Friday , April 19 2024
Violinist Regina Carter tackles another part of her musical heritage.

Music Review: Regina Carter – ‘Southern Comfort’

When it comes to the violin, Regina Carter can do it all.

regina carter (400x225)Although certainly best known as a jazz violinist, Carter seems comfortable enough playing the classical repertoire when called upon. Witness her 2003 album Paganini: After a Dream. And now with her new album, Southern Comfort, set for release March 4, she is out to show one more of the many faces of Regina Carter as she tackles a program of southern folk music and Americana. Needless to say, she takes this music and makes it her own.

As on some of her past albums, Southern Comfort is a thematic celebration of an important influence on her life and music. There was I’ll Be Seeing You: A Sentimental Journey (2006) which focused on jazz favorites of her late mother, and then in 2010 there was her nod to the African influence on her musical heritage, Reverse Thread. In Southern Comfort, she explores some of the music that would have been available to her grandfather, an Alabama coal miner. She adds a modern tune or two, but even the additions are couched in the spirit of the album’s theme—a little Cajun-style fiddling, some work songs, a homey lullaby, and a bit of the gospel spirit.

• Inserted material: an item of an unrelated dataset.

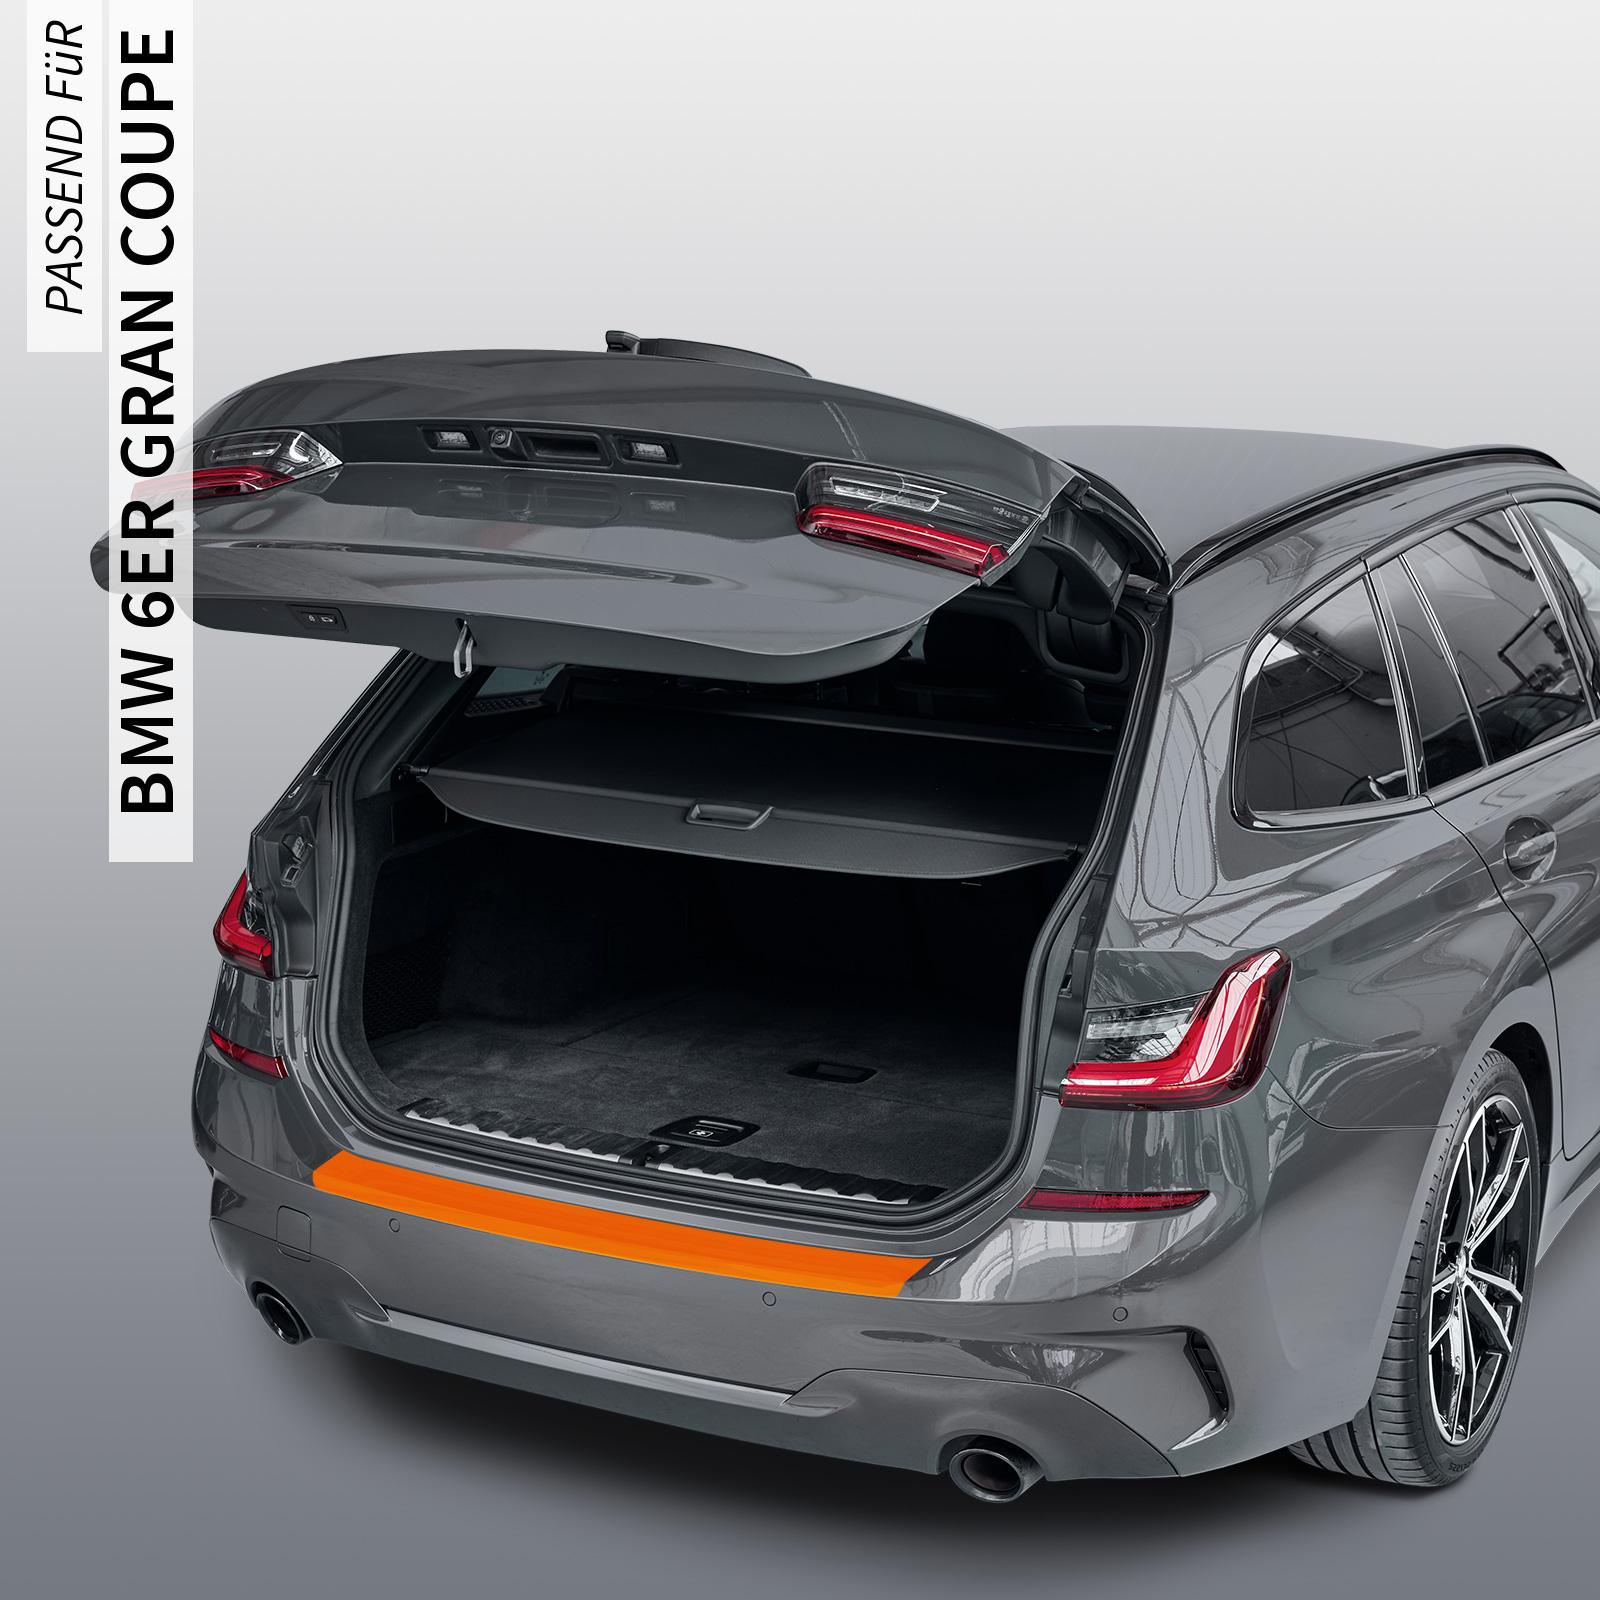 Ladekantenschutzfolie - Transparent Glatt Hochglänzend 150 µm stark für BMW 6er Gran Coupe Typ F06, ab BJ 05/2012

As she points out in the album’s liner notes, while this music has a personal significance for her, it is indeed “the common experience of American folk music.” The personal is indeed universal.

The 11-song set begins appropriately with a traditional piece called “Miner’s Child” in an arrangement by guitarist Marvin Sewell. With some exceptions, most of the songs were arranged by instrumentalists playing on the individual tracks. Carter points out that the only direction she gave to the various arrangers “was to preserve the music’s raw beauty.”

There is a haunting version of Gram Parsons’ lovely “Hickory Wind” and a take of “Cornbread Crumbled in Gravy” reeking with sensitive simplicity. There is also a little vocal passage of this at the end of the album’s final track, “Death Have Mercy”/”Breakaway.”

“Blues de Basile” is a tangy Cajun blues, while the hugely popular “See See Rider” is played in a version I had never heard before. Elsewhere, “I’m Going Home” is a lovely melody, not to be confused with Dvorak.

Joining Carter on most tracks are Will Holshouser on accordion, Jesse Murphy on bass, Alvester Garnett on drums, and Sewell on guitar. Together with Carter, they have put together a truly exciting piece of work with a unique sound.